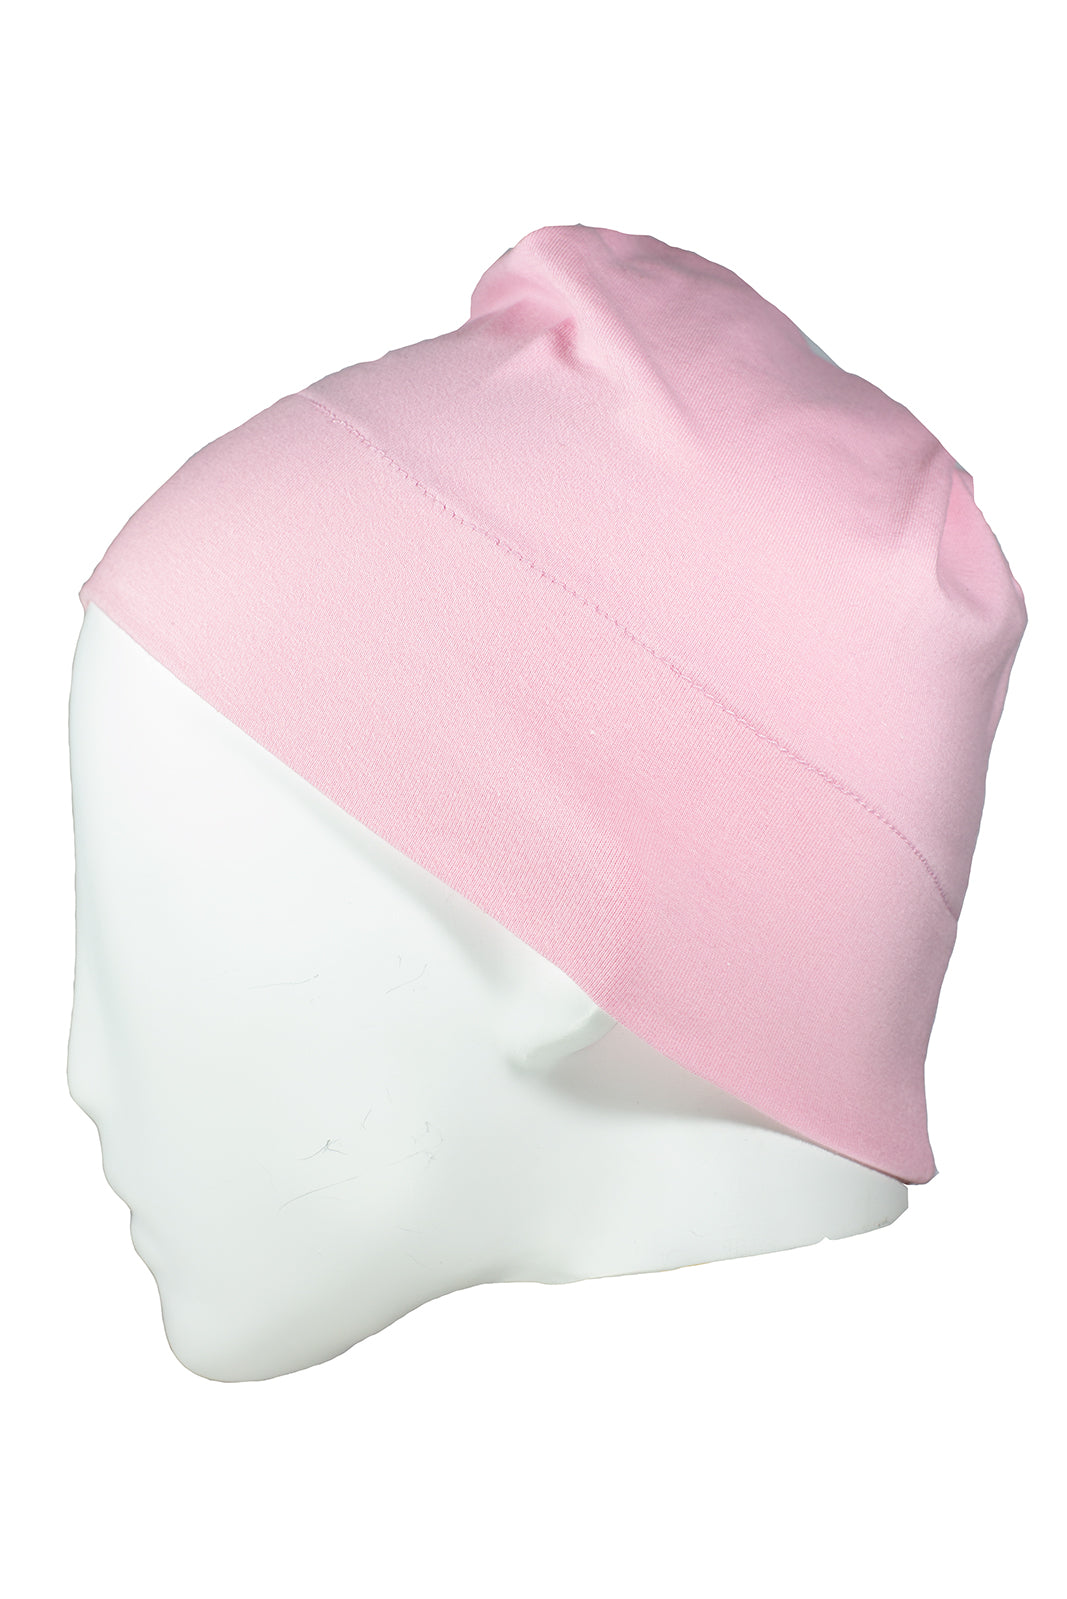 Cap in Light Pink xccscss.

------------------------------------------------------------------------

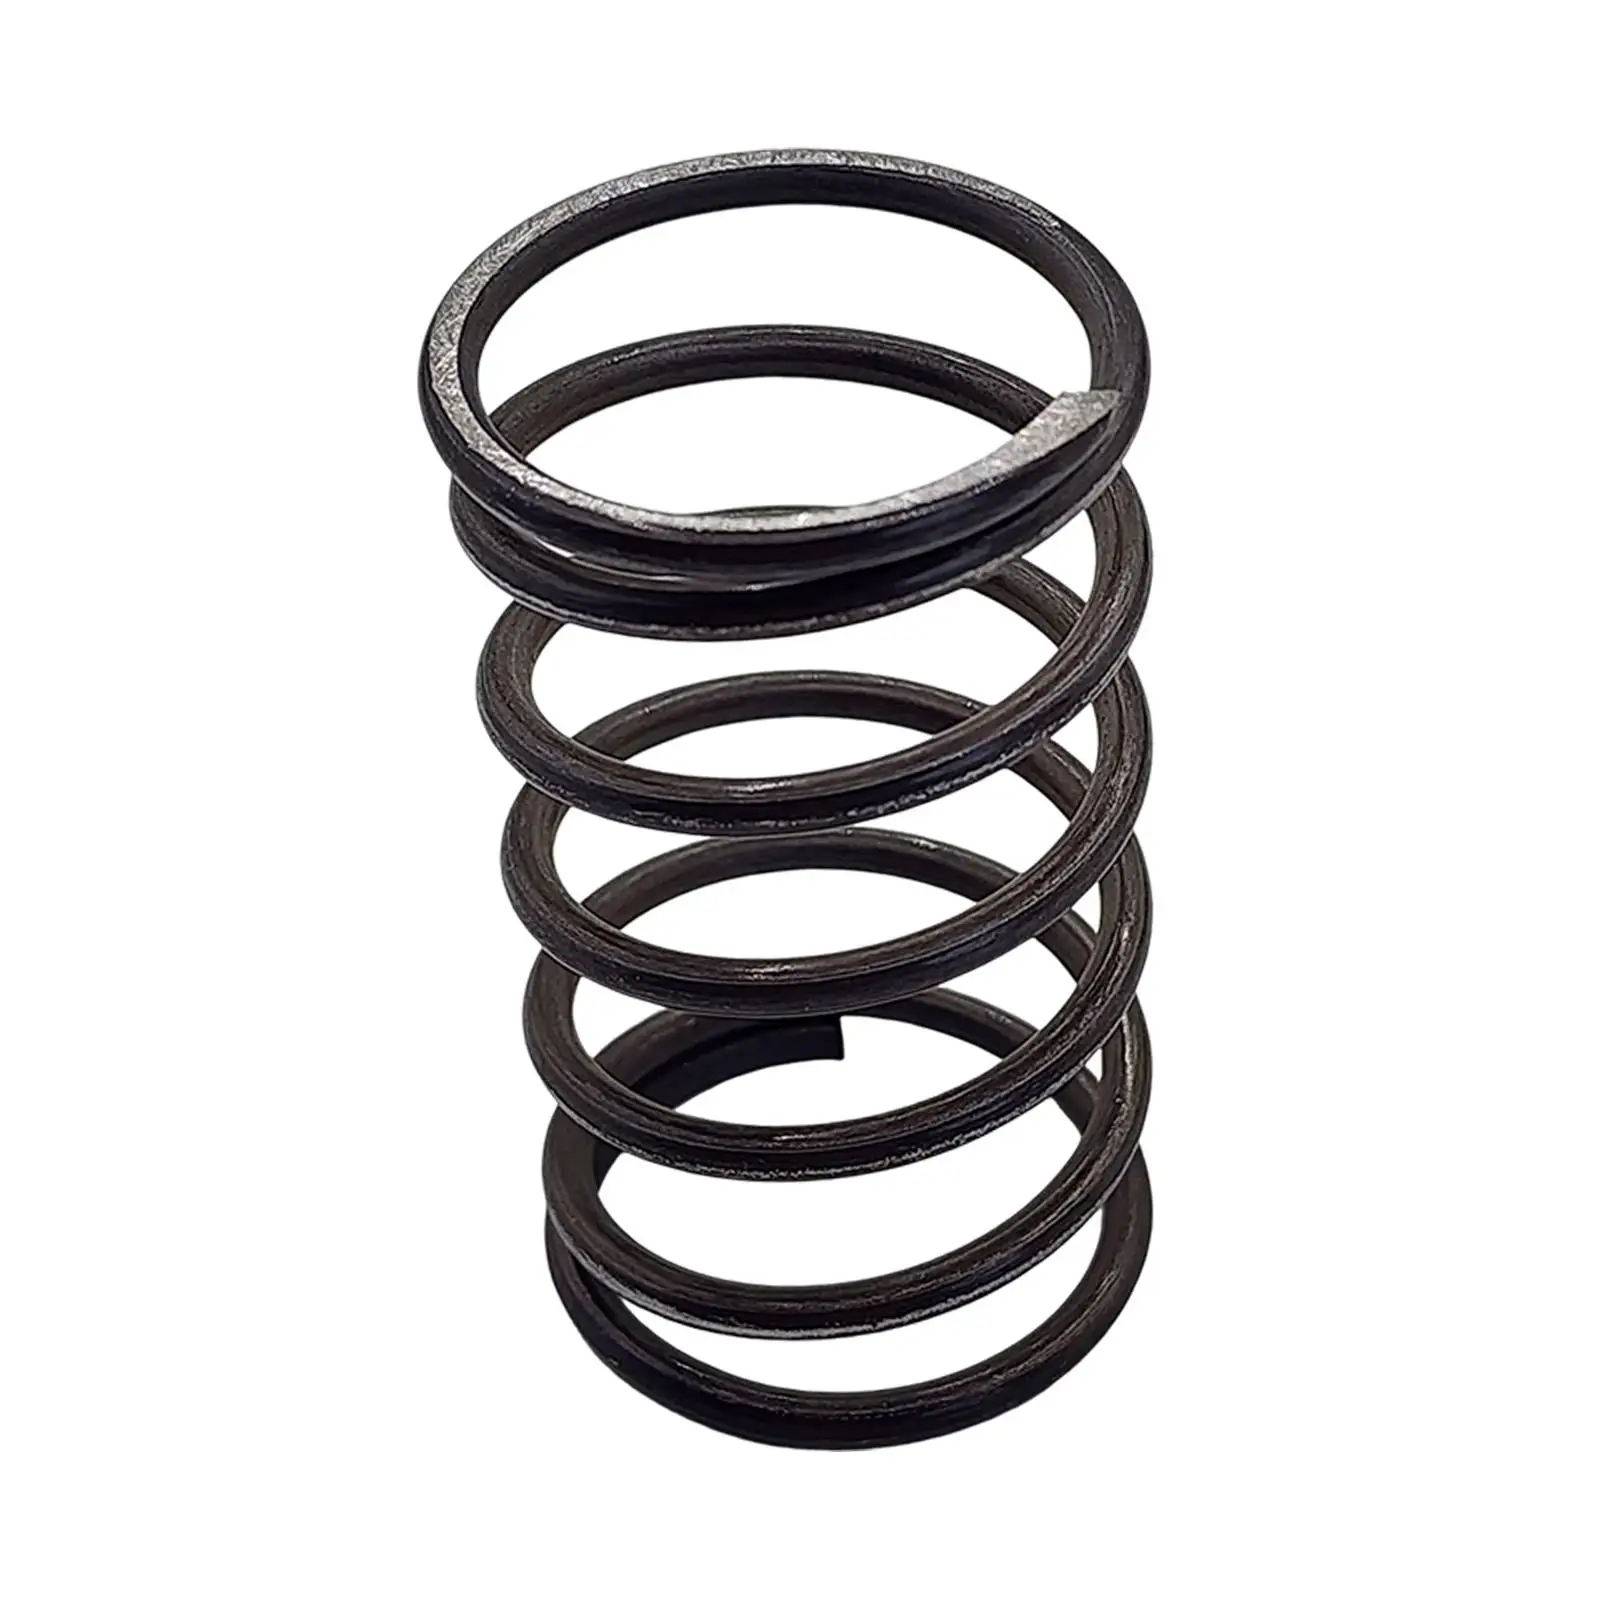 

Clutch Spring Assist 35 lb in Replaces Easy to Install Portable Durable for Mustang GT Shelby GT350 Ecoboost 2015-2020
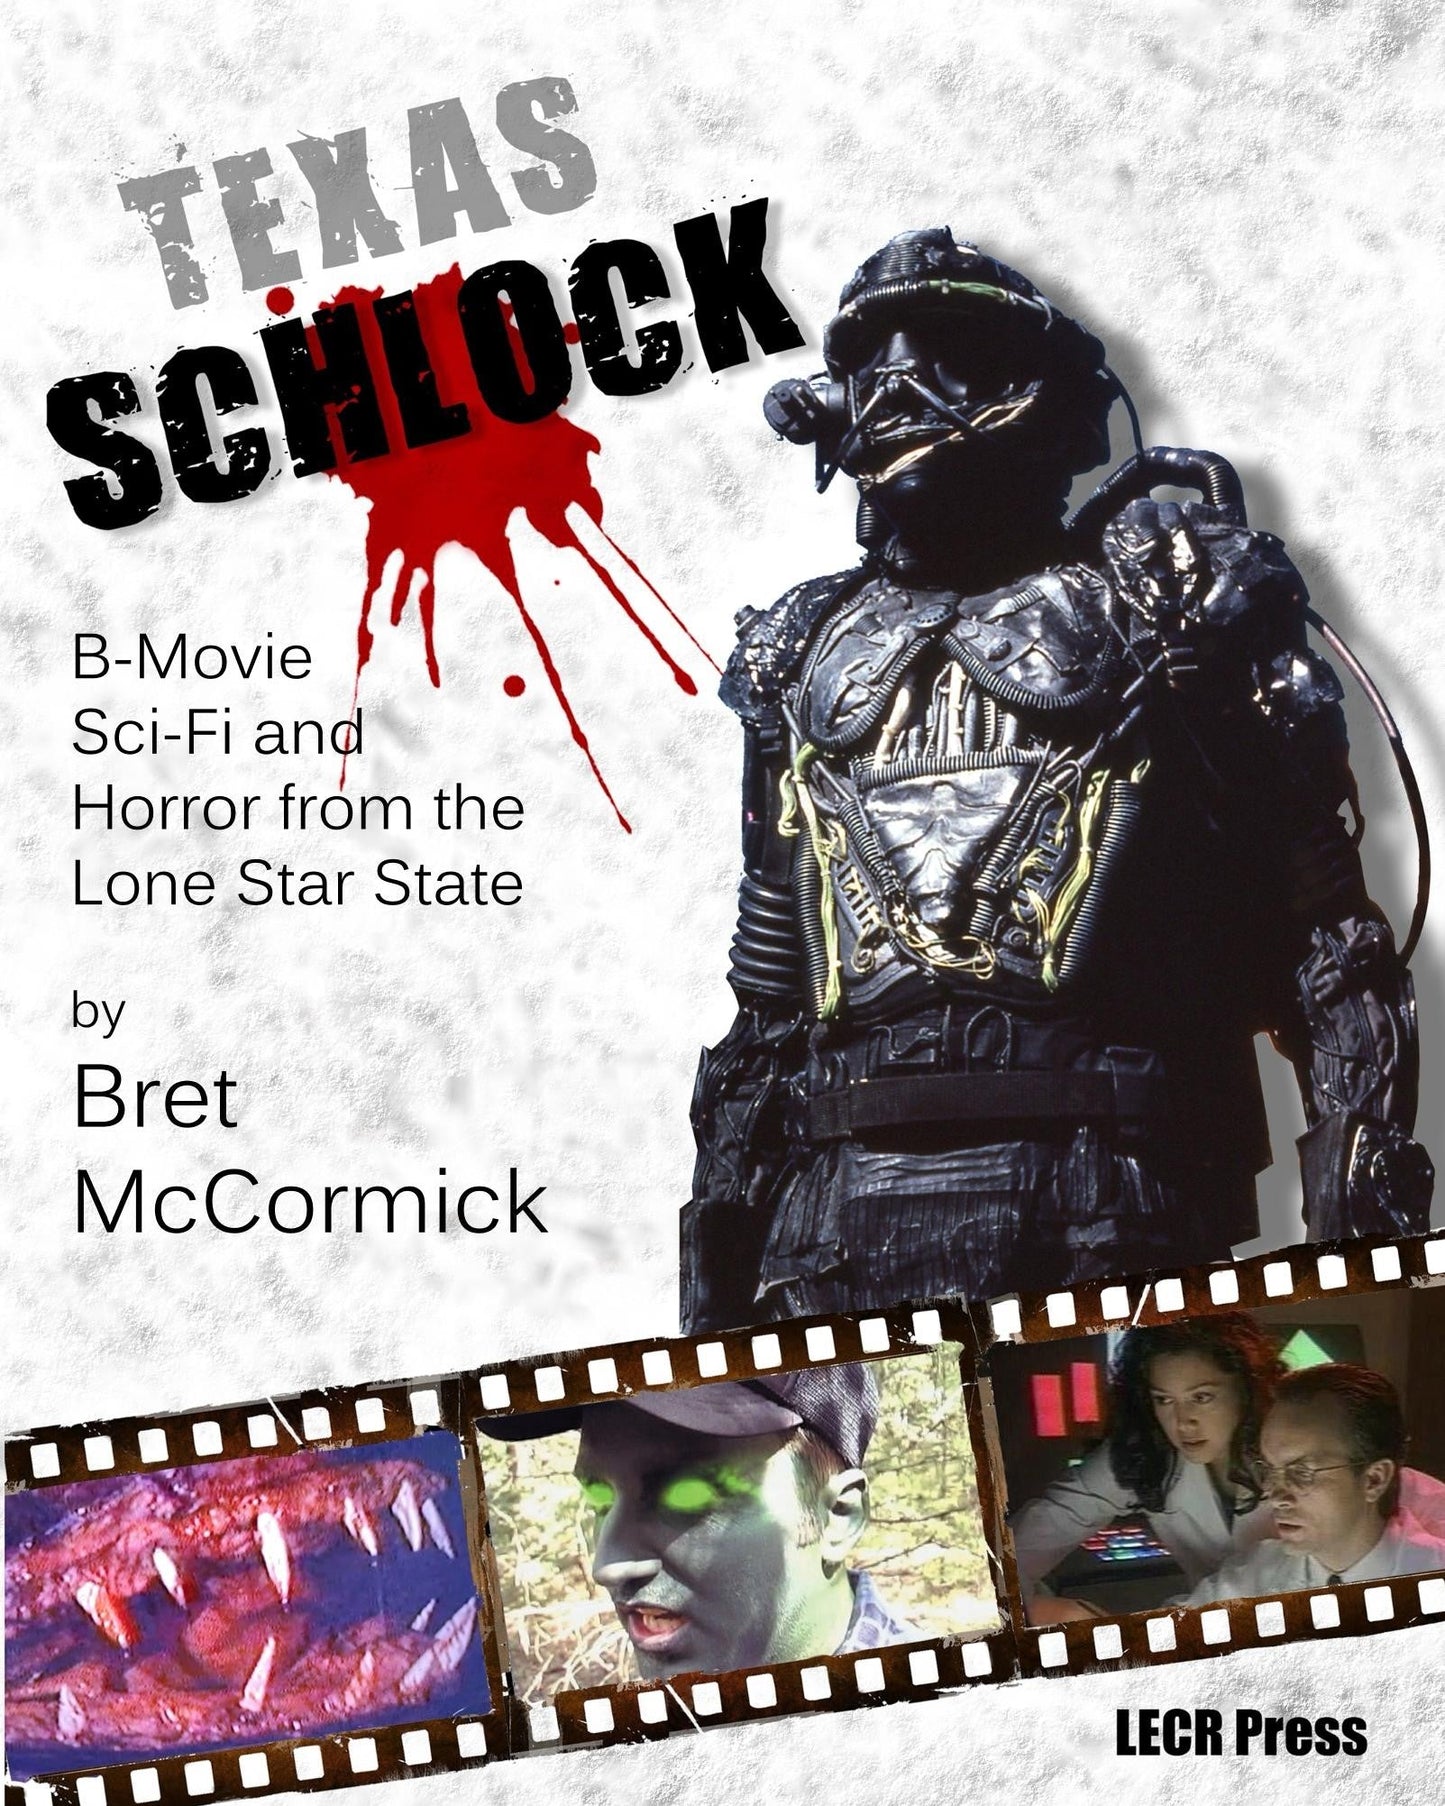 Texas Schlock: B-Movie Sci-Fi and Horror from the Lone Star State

------------------------------------------------------------------------

Look above for the line with "Clutch Spring Assist" and the line with "Texas Schlock: B-Movie". Give again exactly those two lines and all lines between them, pictures excluded.

** Solution to this problem **
Clutch Spring Assist 35 lb in Replaces Easy to Install Portable Durable for Mustang GT Shelby GT350 Ecoboost 2015-2020
 Texas Schlock: B-Movie Sci-Fi and Horror from the Lone Star State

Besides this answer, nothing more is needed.